Утром 15 июня 1871 года Карлейль вышел на свою обычную прогулку. Соседи безошибочно его узнавали: он медленно шел по набережной Челси в сторону города, глядя прямо под ноги, погруженный в размышления. Ночь накануне была беспокойной, как писал он в своем дневнике: «Сегодня утром вышел, невыспавшийся и хмурый, в погоду ветреную и ясную». Во время этой прогулки его думы, вызванные, возможно, «взбунтовавшейся» правой рукой, обратились к более обширным следствиям праворукости. Это было уже не впервые: «Я часто задумывался об этом»[349]
. Его дневник сохранил мысли, которые «никогда не были так ясны, как этим утром»:«Всякий, кто видел, как три косца, один из которых левша, безуспешно пытаются работать вместе, наблюдал, как простейшие вещи оказываются невыполнимыми – и это коснулось бы всего человечества, если бы не преобладание правой руки».
Сегодня, в век механизированного сельского хозяйства, этот образ далек от нас. Но, возможно, знаменитый эпизод из «Анны Карениной» Толстого поможет нам лучше представить себе эту картину:
«Еще с горы открылась ему под горою тенистая, уже скошенная часть луга, с сереющими рядами и черными кучками кафтанов, снятых косцами на том месте, откуда они зашли в первый ряд. По мере того как он подъезжал, ему открывались шедшие друг за другом растянутою вереницей и различно махавшие косами мужики, кто в кафтанах, кто в одних рубахах. Он насчитал их сорок два человека… Он слышал только лязг кос… Подрезаемая с сочным звуком и пряно пахнущая трава ложилась высокими рядами. Теснившиеся по коротким рядам косцы со всех сторон, побрякивая брусницами и звуча то столкнувшимися косами, то свистом бруска по оттачиваемой косе, то веселыми криками, подгоняли друг друга».

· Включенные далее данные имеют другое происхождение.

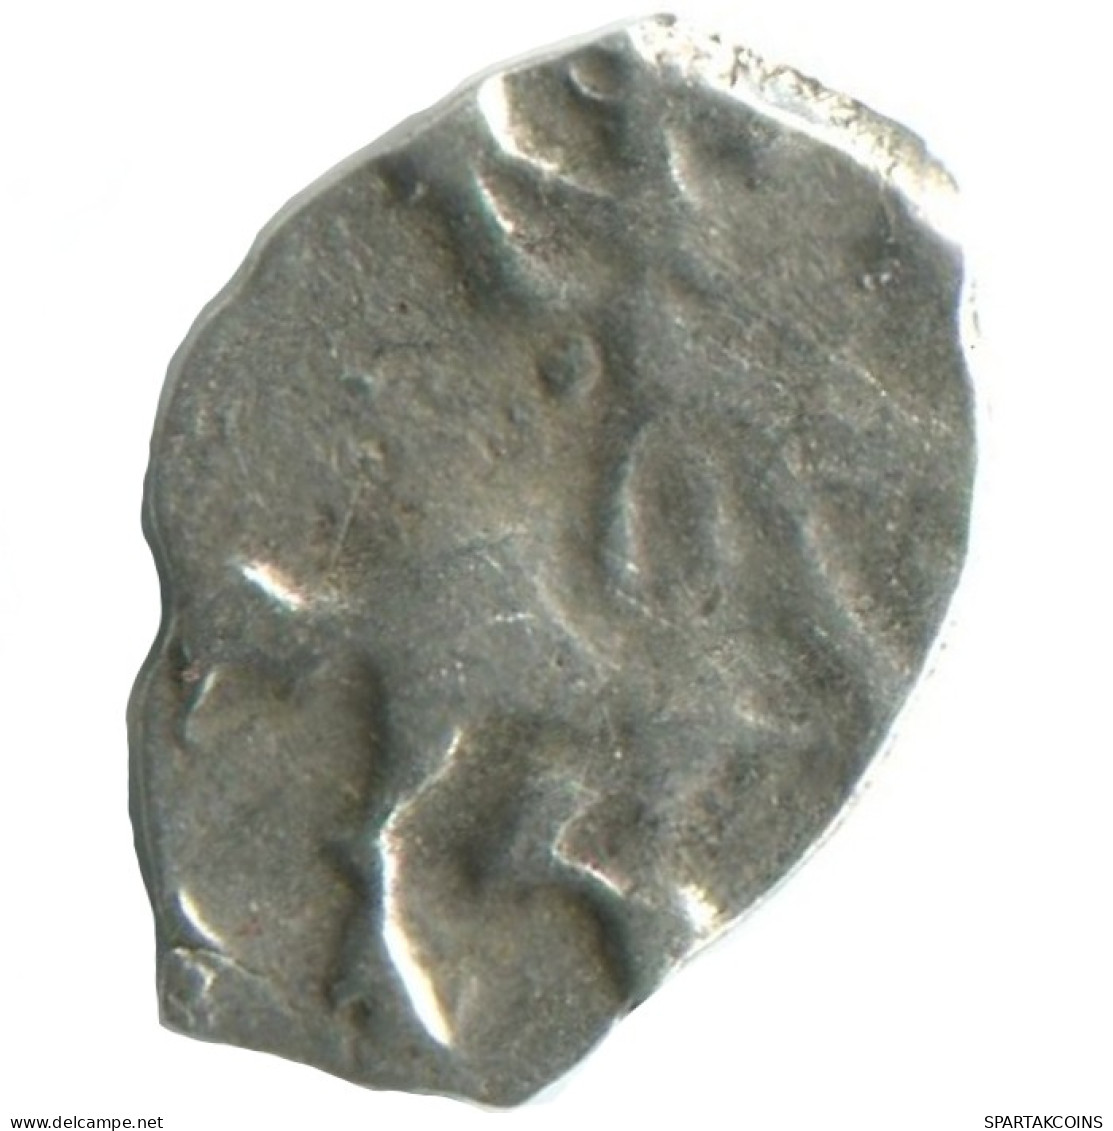 RUSSIE RUSSIA 1696 KOPECK PETER I KADASHEVSKY Mint MOSCOW ARGENT 0.3g/8mm #AB560.10.F.A - Rusia

Стоит вспомнить, что полноразмерная, «острая как бритва» коса – орудие устрашающее. Изогнутая стальная полоса с тщательно наточенным краем, длиной несколько футов, описывала вокруг косца широкую дугу. Случайно задеть чью-то ногу чревато серьезным ранением. Поэтому важно, чтобы косцы, перемещаясь по лугу, работали синхронно. В такой группе кто-то, делающий все наоборот, то есть левша, – сущее бедствие[350]
.Замечание Карлейля о косцах приводит нас к нескольким вопросам о латеральности в сфере взаимодействий. У единственного косца никаких проблем не возникнет, но если несколько человек работают вместе, сложности неизбежно появятся. Так какими же правилами регулируются социальные взаимодействия и какие проблемы при этом возникают? Конечно же, левши столкнутся с ними уже за обеденным столом. Даже суп есть непросто – потому что левый локоть левши будет натыкаться на правый локоть сидящего слева соседа[351]
.Когда двое берутся за дело, требующее направленных в одну сторону движений (назовем это задачей на латерализацию), образ действий каждого неизбежно влияет на эффективность работы другого. Поэтому обществу приходится вырабатывать правила поведения для таких ситуаций в виде законов, кодов, руководств или форм этикета.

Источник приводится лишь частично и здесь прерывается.